Analysis of pig trading networks and practices in Uganda. uri icon

abstract

  • East Africa is undergoing rapid expansion of pig rearing, driven by increasing pork consumption. Introduction and expansion of pig production systems in this biodiverse landscape may create new risks, including zoonotic pathogen transmission. Historically, biosecurity measures have primarily been focused at farm level, ignoring the important function pig traders fulfill between farmers and consumers. This study interviewed pig traders operating at Uganda's only registered pork abattoir to describe their characteristics, business practices, biosecurity practices, and pig health management and reporting practices. All the traders were male, and nearly all (90.5%) relied on pig trading as their primary source of income.

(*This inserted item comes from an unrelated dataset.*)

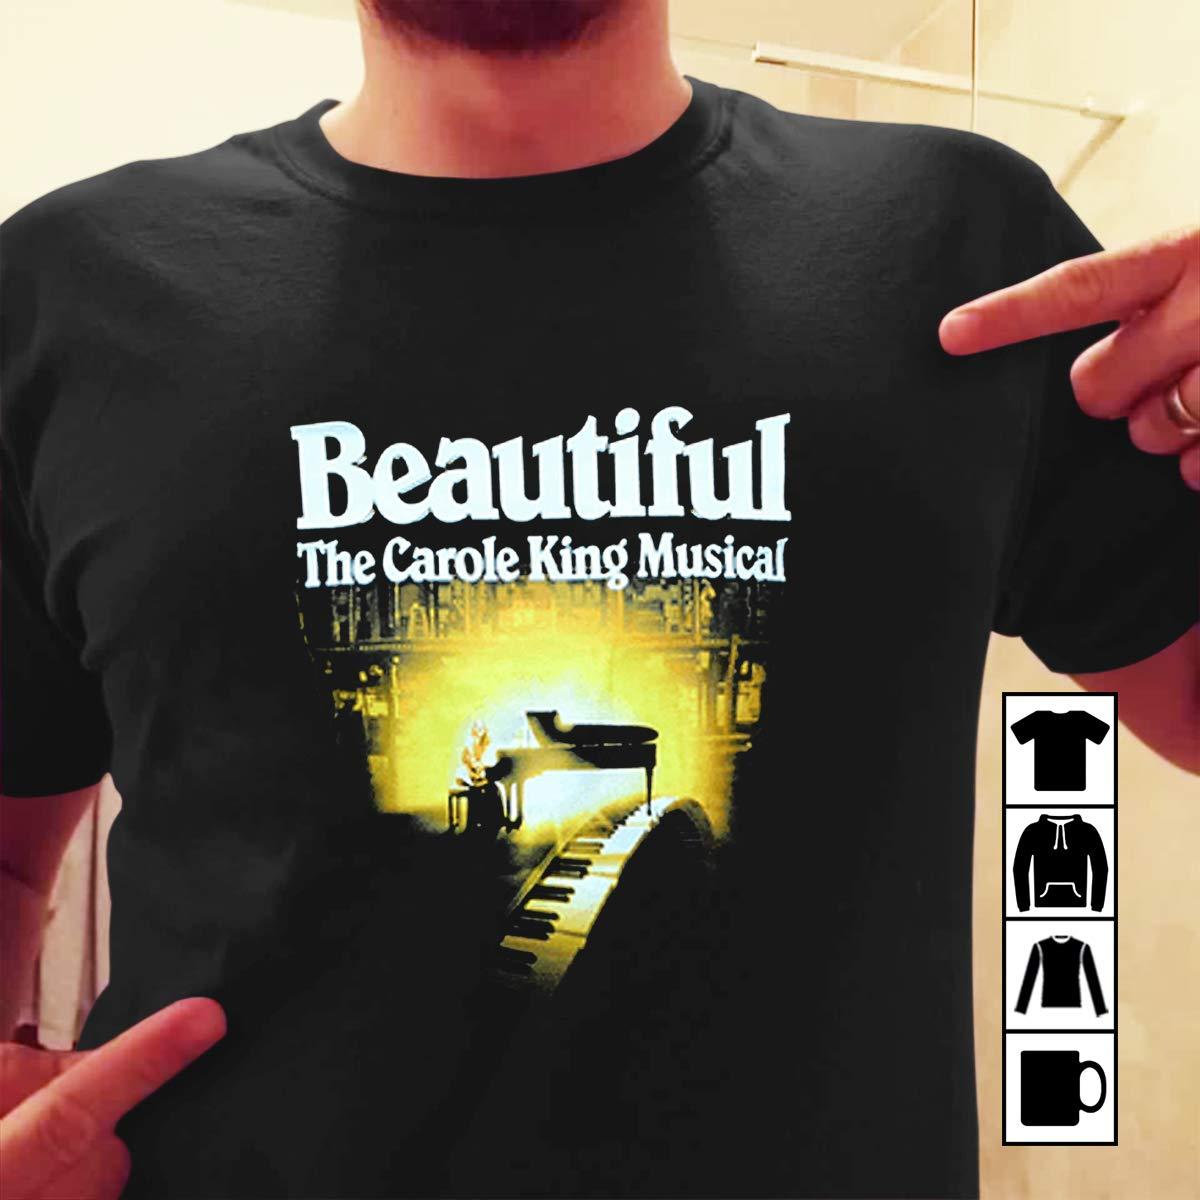 Beautiful The Carole King Music Tshirt Beautiful The Carole King Music Tshirt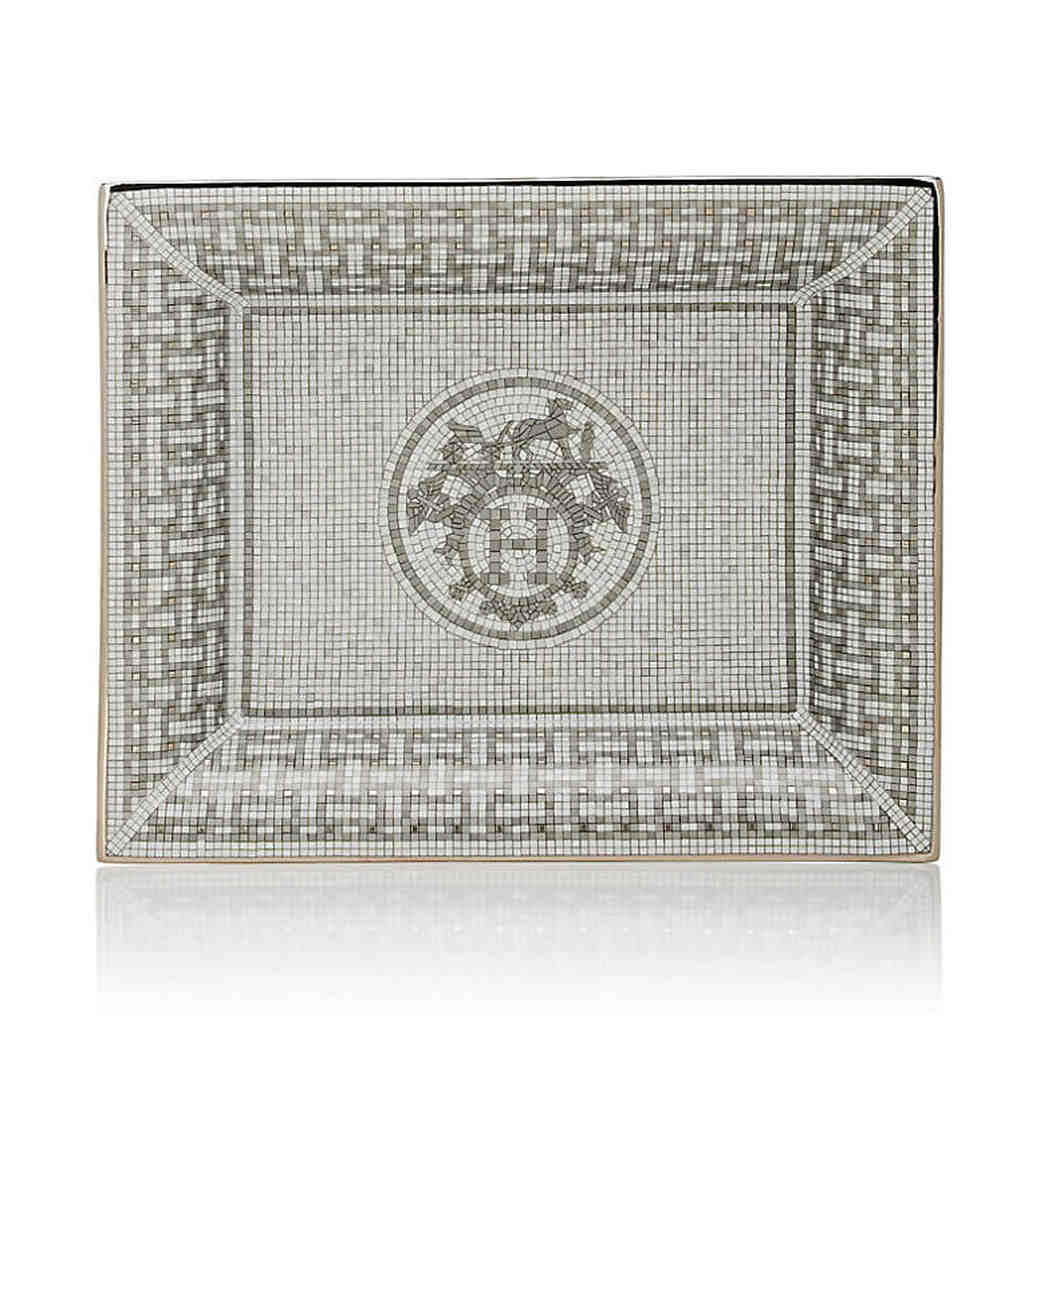 platinum anniversary gifts hermes tray

Most of the pigs brought for processing at the slaughterhouse were purchased from smallholder farms (87.3%). In addition, there was a significant difference in the high price paid per kilogram at farm gate by region (P=0.005). High prices paid at farm gate were associated with holiday periods (P<0.001), harvest season (P<0.001), and drought (P<0.001). Traders preferred buying live pigs from male farmers (88.9%) because they were considered the final decision makers and owned the pigs being sold. All pig traders were aware of clinical signs indicating a pig was sick. This study has provided baseline information on pig trader practices in Uganda. Improvements in local pork slaughterhouses and markets will benefit not only pig traders in accessing consistent customers but also individual pig farmers by increasing their market access. Finally, given their role as a link between farmers and consumers, traders would benefit from targeted inclusion in disease control and prevention strategies.